The Bushies are flaming idiots, of course, but why Blair insisted on going down this road is still a mystery to me. Anyway ...

The British documents assert more than once—in contradiction to statements and repeated innuendo by Vice President Dick Cheney and Pentagon officials—that there was, in the words of the March 2002 options paper "no recent evidence of Iraq complicity with international terrorism."

John Daniszewski writes in the Los Angeles Times:

In March 2002, the Bush administration had just begun to publicly raise the possibility of confronting Iraq. But behind the scenes, officials already were deeply engaged in seeking ways to justify an invasion, newly revealed British memos indicate. ... ... The new documents indicate that top British officials believed that by March 2002, Washington was already leaning heavily toward toppling Hussein by military force. Condoleezza Rice, the current secretary of State who was then Bush's national security advisor, was described as enthusiastic about "regime change."

The memos make it clear that a year before the invasion, the Bushies had already decided on "regime change." And they had given up on peaceful methods.

The new documents also include an earlier 10-page options paper, dated March 8, 2002, from the overseas and defense secretariat of the Cabinet Office, sketching out options for dealing with Iraq.

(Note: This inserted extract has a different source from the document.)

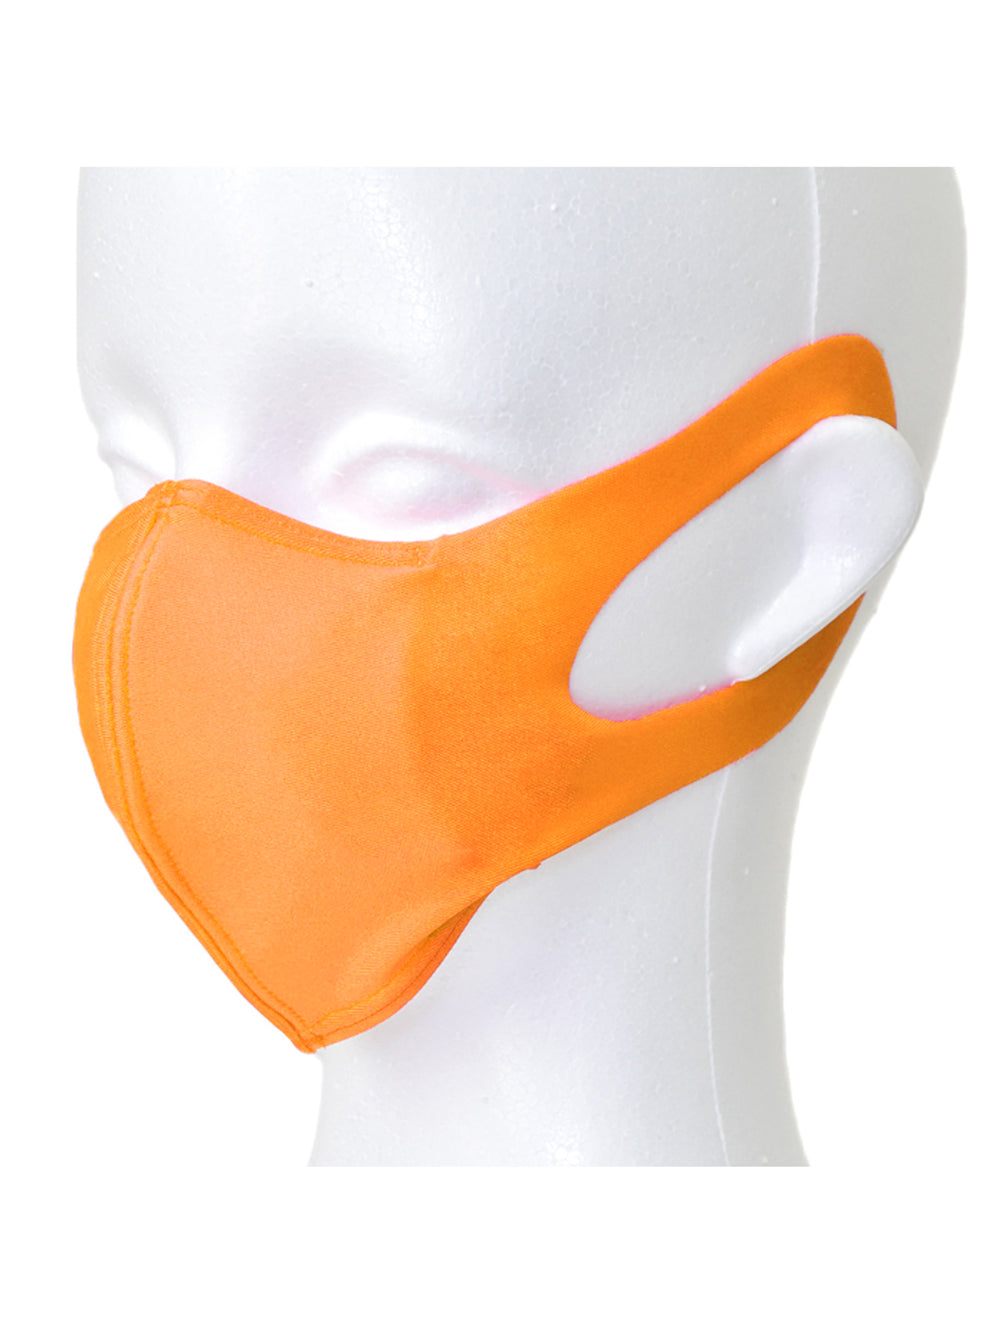 [マスクSALE][LOOPA MASK] ルーパ シルキーファイン マスク Silky Fine Sports Mask / スポーツマスク 抗菌・防臭加工 洗える 日本製 水着素材 UV [A] - Puravida!プラヴィダ ヨガウェア ヨガマット

The thrust of the memo was that the economic sanctions imposed on Iraq after the 1991 Persian Gulf War were likely to fail, and that, in any case, the U.S. had already given up on them.

"The U.S. has lost confidence in containment," the document said. "Some in government want Saddam removed. The success of Operation Enduring Freedom [the military code name for the U.S.-led invasion of Afghanistan], distrust of U.N. sanctions and inspection regimes, and unfinished business from 1991 are all factors.

"Washington believes the legal basis for an attack already exists. Nor will it necessarily be governed by wider political factors. The U.S. may be willing to work with a smaller coalition than we think desirable," it said.

The paper said the British view was that any invasion for the purpose of regime change " has no basis under international law."